Risk Acceptance (and Monitoring)
By accepting the risk, the company acknowledges that the risk event or condition may be realized and is prepared to accept the consequences. Accepting a risk does not mean it should be ignored. The company should continue to track the risk to ensure the accepted consequences do not change for the worse or the likelihood increase. Monitoring implies the company establishes knowledge points that provide opportunities to reevaluate the risk. Before accepting the risk, the company should identify the resources and schedule that would be needed should the risk be realized.
Risk Avoidance
Through risk avoidance, a program the company reduces or eliminates the risk event or condition by taking an alternate path. It eliminates the source of the risk and replaces it with another solution.
Risk Transfer
Risk transfer includes reassigning or delegating responsibility for tasks to mitigate a risk to another entity. This might include transferring the financial responsibility as well. This approach may involve reallocating risk management tasks from one party to another. The same risk may be carried by multiple entities. However, it should be recognized that the transference of risk does not eliminate all responsibility and risks must be monitored for potential consequences.
Risk Control
The risk control option seeks to actively reduce risk to an acceptable level. Control generally entails taking action to reduce the likelihood, or the consequence, of a risk to as low as practical in order to minimize potential impacts.
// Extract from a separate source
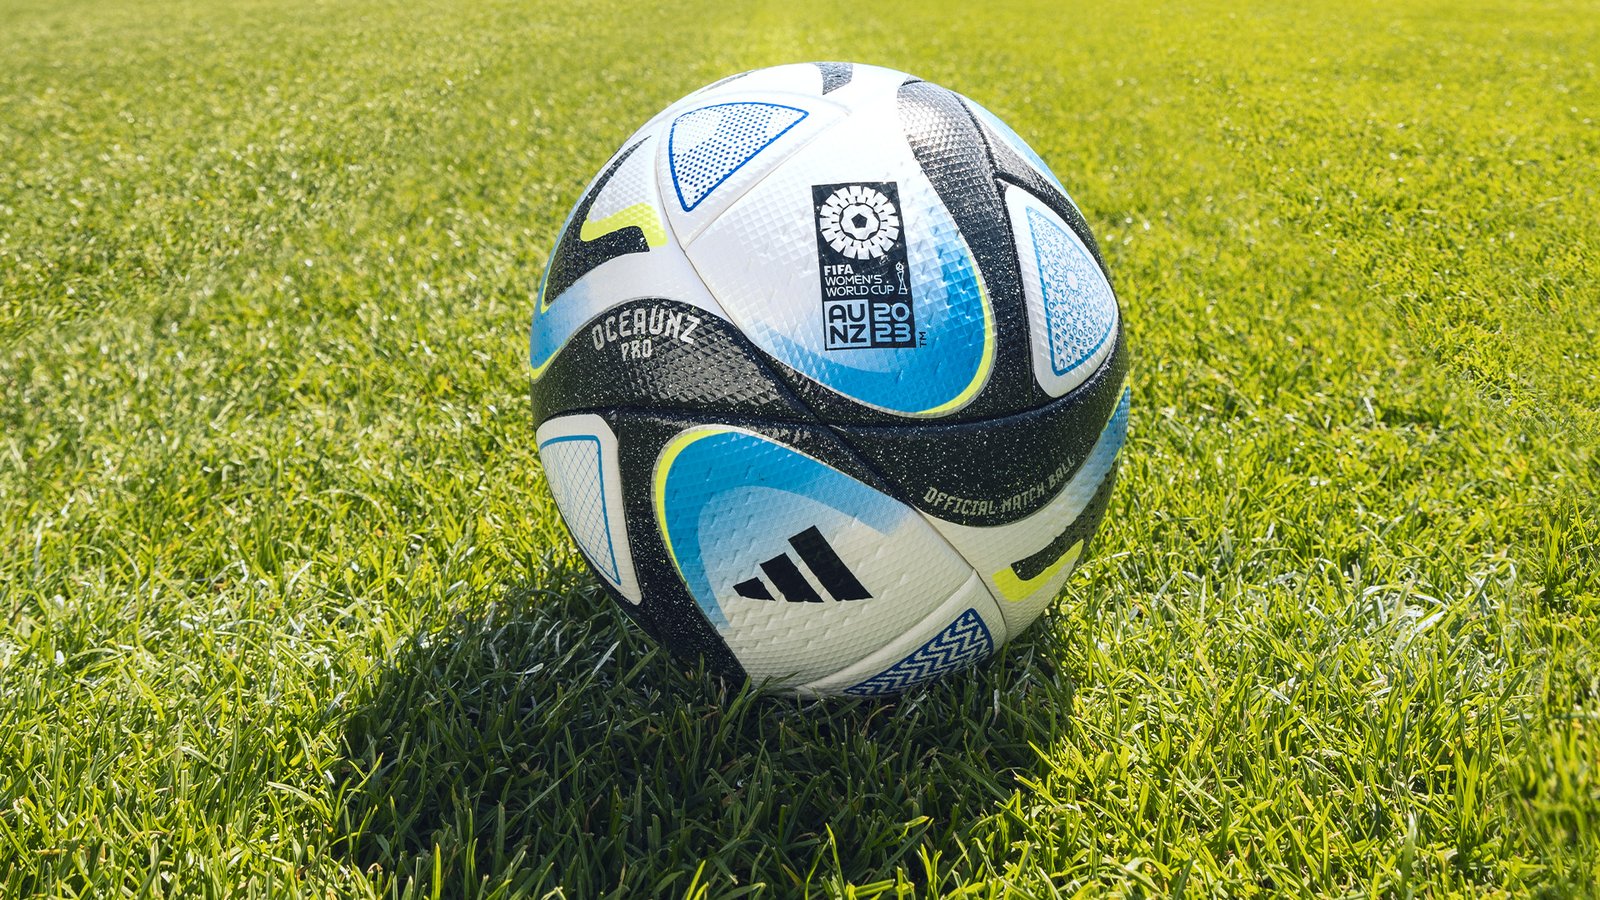 ADIDAS INTRODUCES THE OFFICIAL MATCHBALL OF THE 2023 AUSTRALIA AND NEW ZEALAND WOMEN'S WORLD CUP © Copyright PLPG GLOBAL MEDIA 2023

Control options should result in reduced risk likelihood and/or consequence. Risk control activities often reduce the likelihood of the risk event occurring or accelerate knowledge affecting the likelihood. The result may be a new risk description with revised consequences and an updated prioritization and mitigation strategy.
Risk Monitoring
Risk monitoring answers the question “How has the risk changed?” or “How are the risk mitigation plans working? Based on results, should additional actions be taken to mitigate or control the risk?”.
Risk monitoring includes a continuous process to systematically track and evaluate the performance of risk mitigation plans against established metrics. Not all risk mitigation will be successful. The company should reevaluate the risk mitigation approach and associated activities to determine effectiveness and whether action is needed.
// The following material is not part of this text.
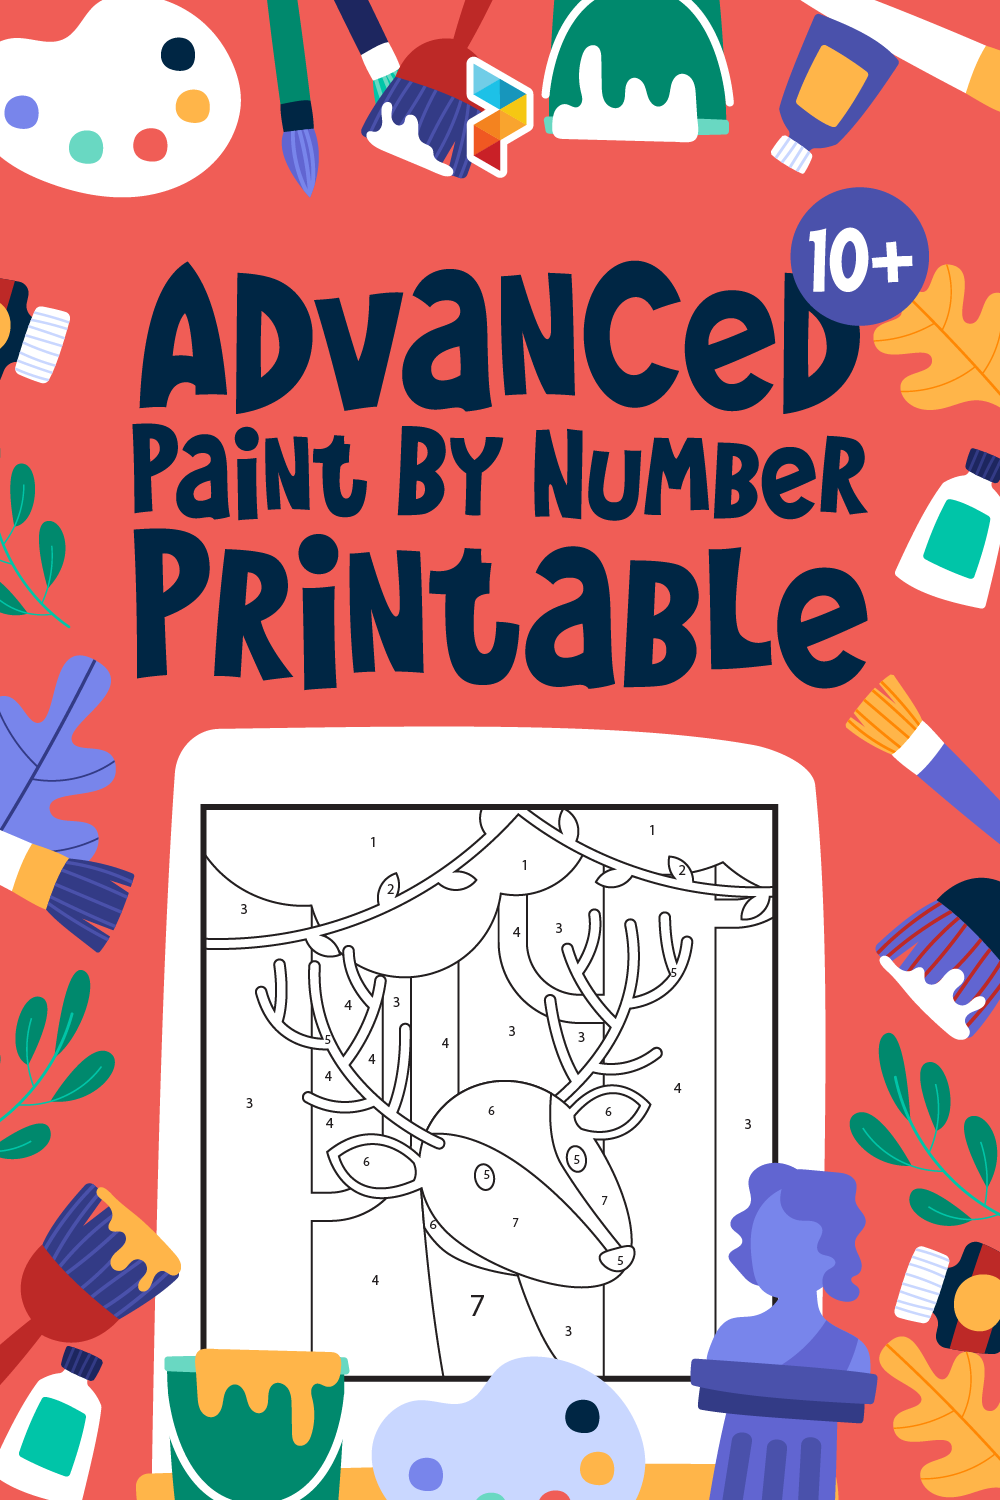 Advanced Paint By Number Printable

Risk monitoring includes recording, maintaining, and reporting risks, risk analysis, risk mitigation, and tracking results. If a risk changes significantly, the company should adjust the risk mitigation strategy accordingly. If the risk is lower than previously analyzed, the company may reduce or cancel risk mitigation activities and consider freeing resources for other uses. If risk severity increases, appropriate risk mitigation efforts should be developed and implemented.
Review
The Risk Management System needs to be reviewed on a regular basis in terms of effectiveness and efficiency. The review should be performed by independent personnel (either internal or external) and adjusted to changes accordingly.
The review should be performed on an annual basis.
Report
Annually a Risk Report should be issued summarizing the key risks. This report needs to be submitted to the management. Severe changes that endanger the future of the company need to be reported and dealt with immediately.